-------- GIVEN MATERIAL --------
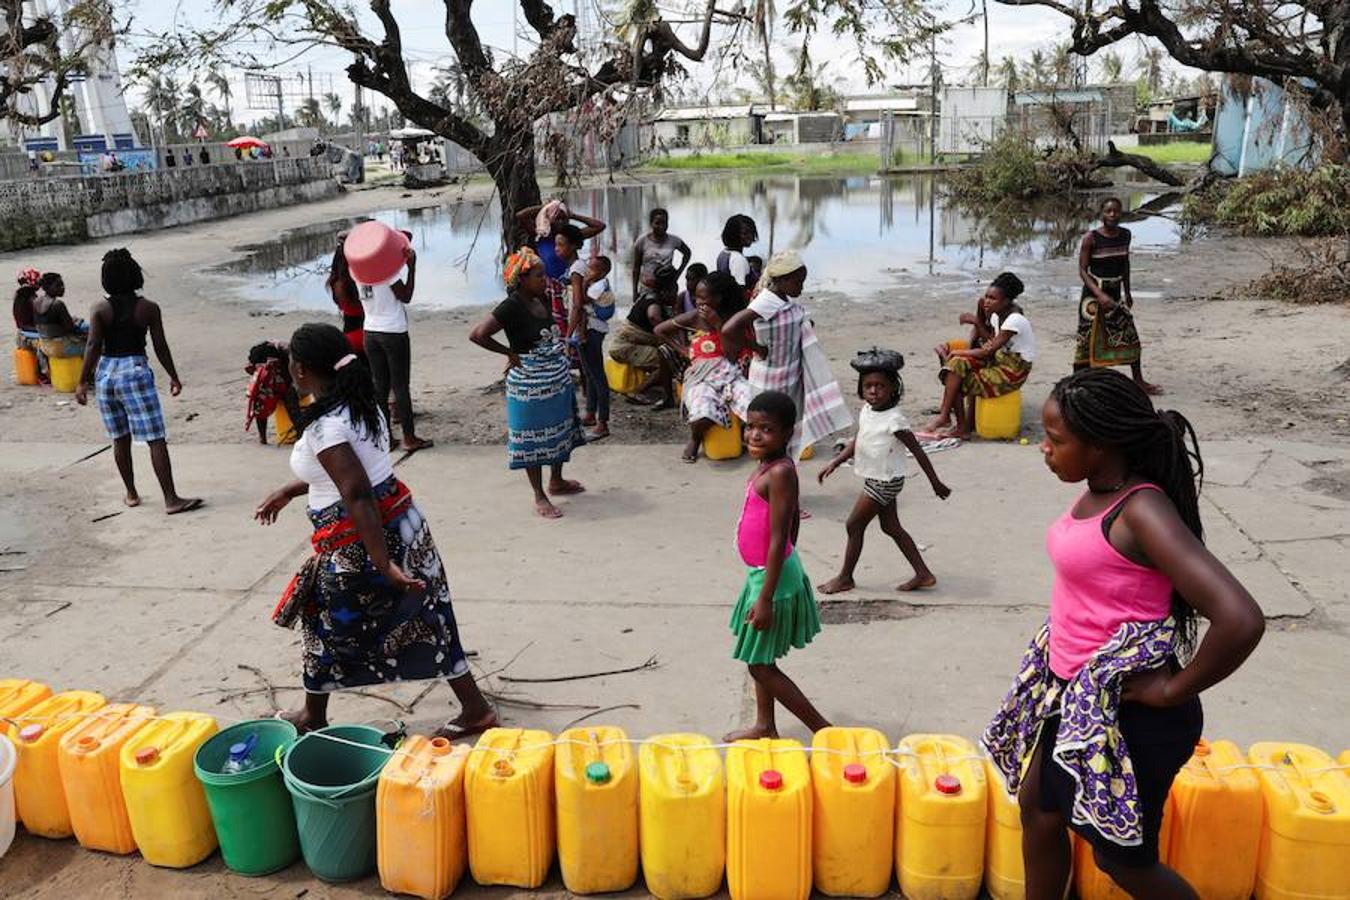 El ciclón Idai, que ha devastado poblaciones enteras a su paso por Mozambique, Malawi y Zimbabue, ha causado al menos 2,8 millones de afectados, según los cálculos que hoy hizo públicos el Programa Mundial de Alimentos (PMA) de las Naciones Unidas.
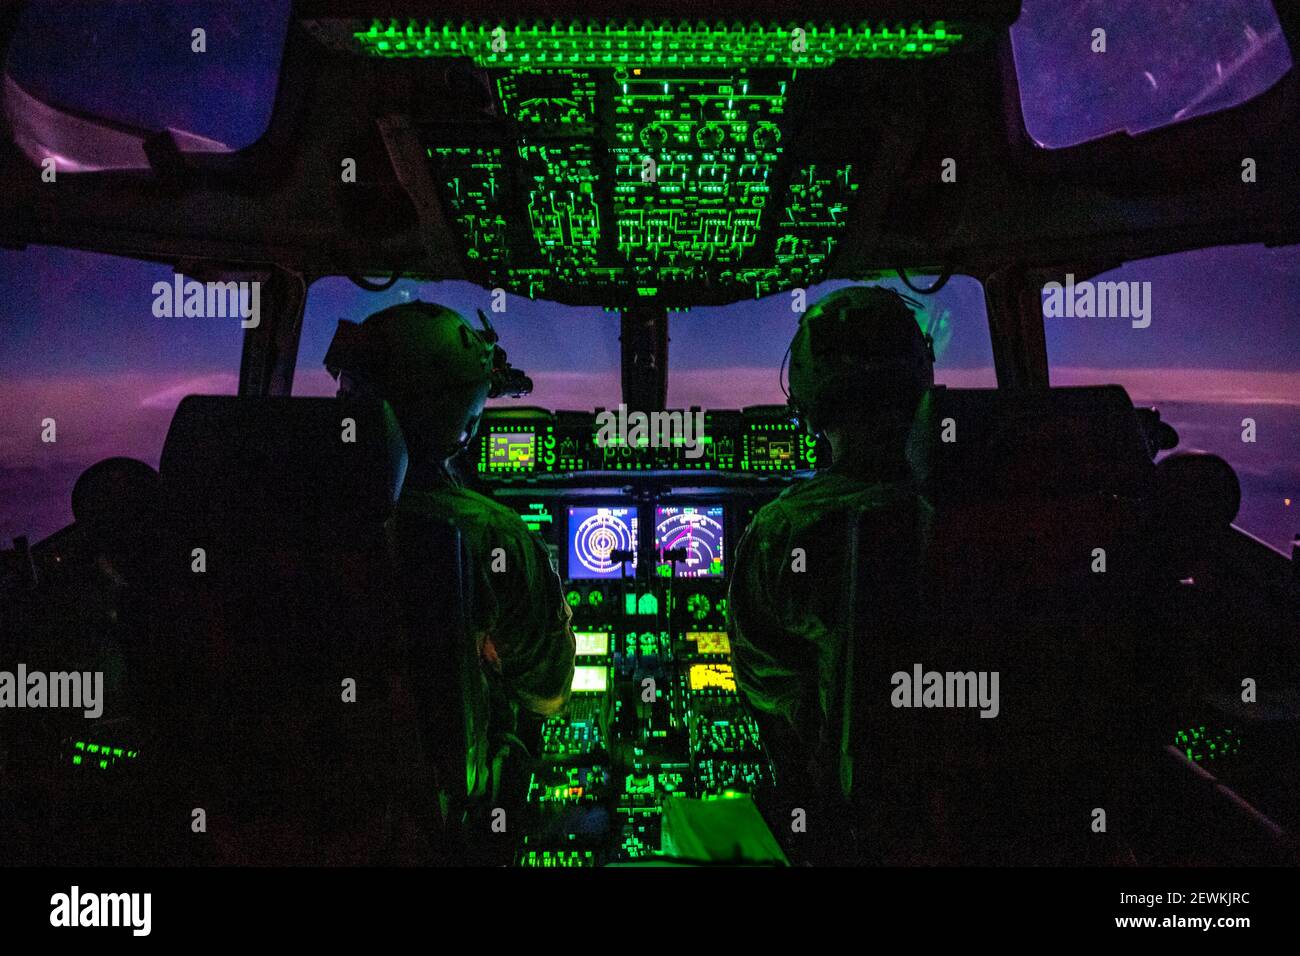 C-17 miembros de la tripulación de Globemaster III asignados al Expedicionario 816th El escuadrón del aerodeslizador realiza tareas de vuelo rutinarias durante el transporte de carga Foto de stock
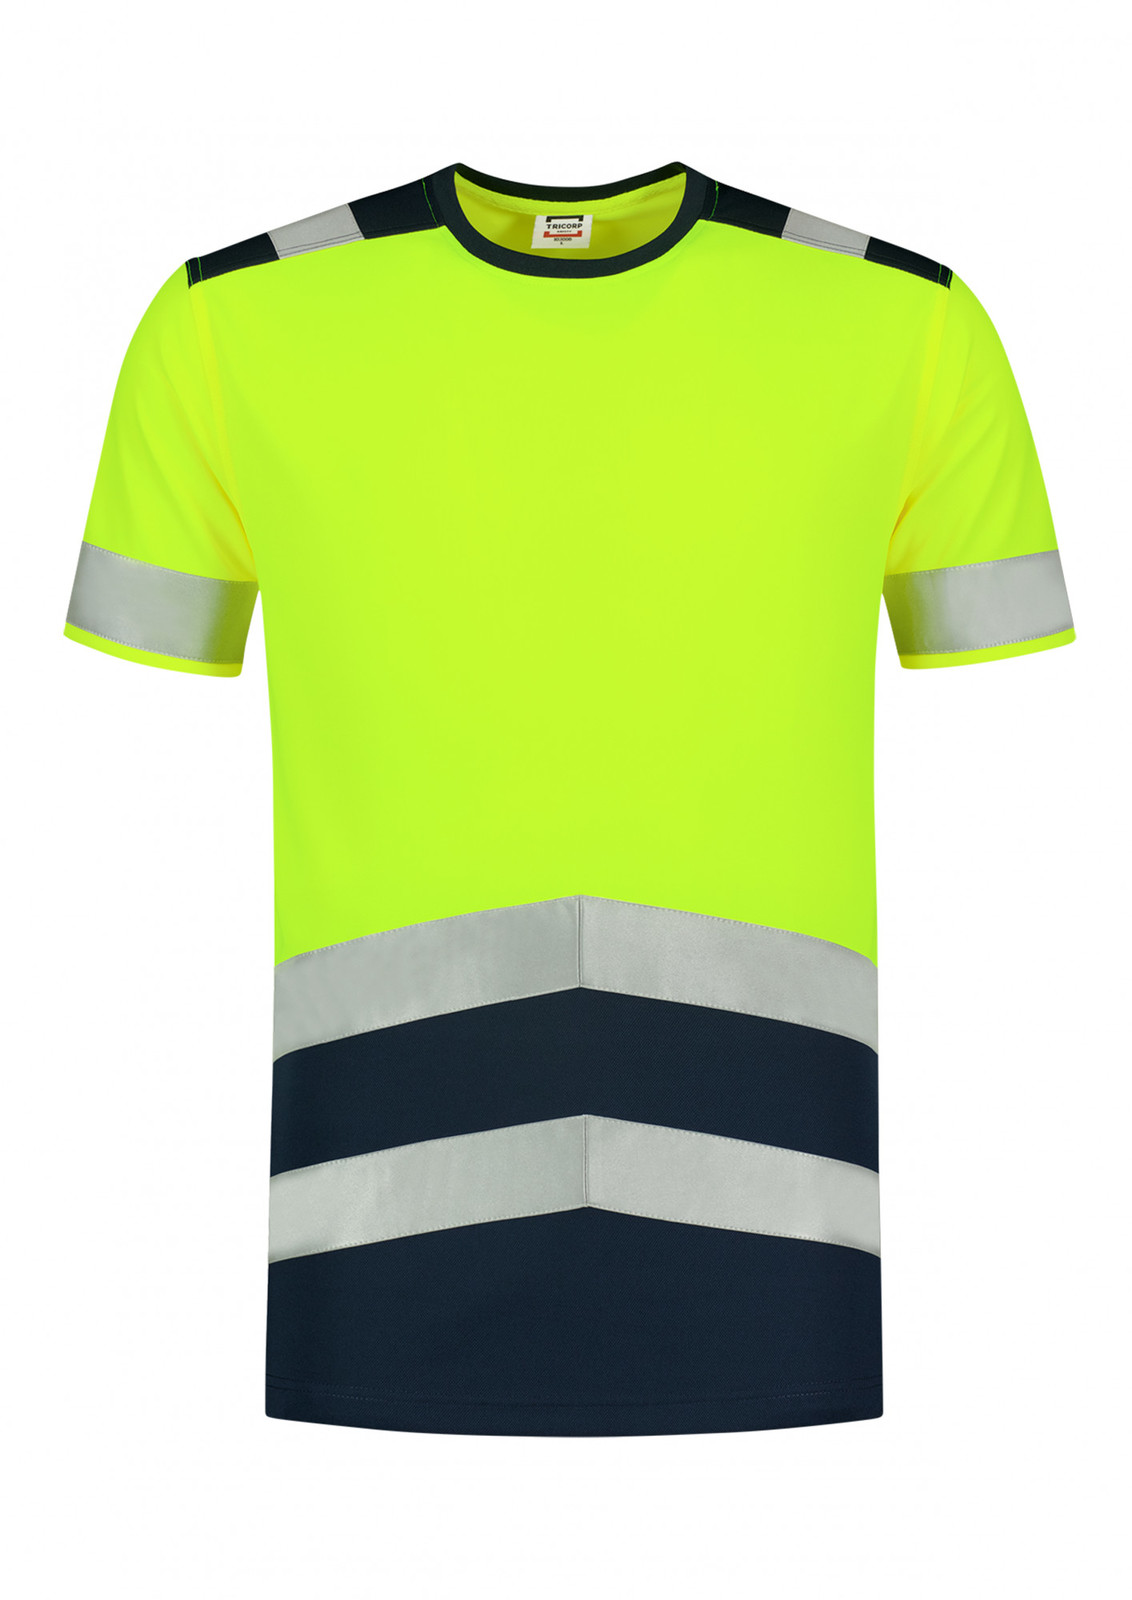 Unisex reflexné tričko Tricorp High Vis Bicolor T01 - veľkosť: M, farba: fluorescenčno žltá
--------
▶ EXERCISE DETAILS: All the lines above need to be repeated exactly, with no pictures carried over.

▶ REPLY TO THE TASK:
 El ciclón Idai, que ha devastado poblaciones enteras a su paso por Mozambique, Malawi y Zimbabue, ha causado al menos 2,8 millones de afectados, según los cálculos que hoy hizo públicos el Programa Mundial de Alimentos (PMA) de las Naciones Unidas.
 C-17 miembros de la tripulación de Globemaster III asignados al Expedicionario 816th El escuadrón del aerodeslizador realiza tareas de vuelo rutinarias durante el transporte de carga Foto de stock
 Unisex reflexné tričko Tricorp High Vis Bicolor T01 - veľkosť: M, farba: fluorescenčno žltá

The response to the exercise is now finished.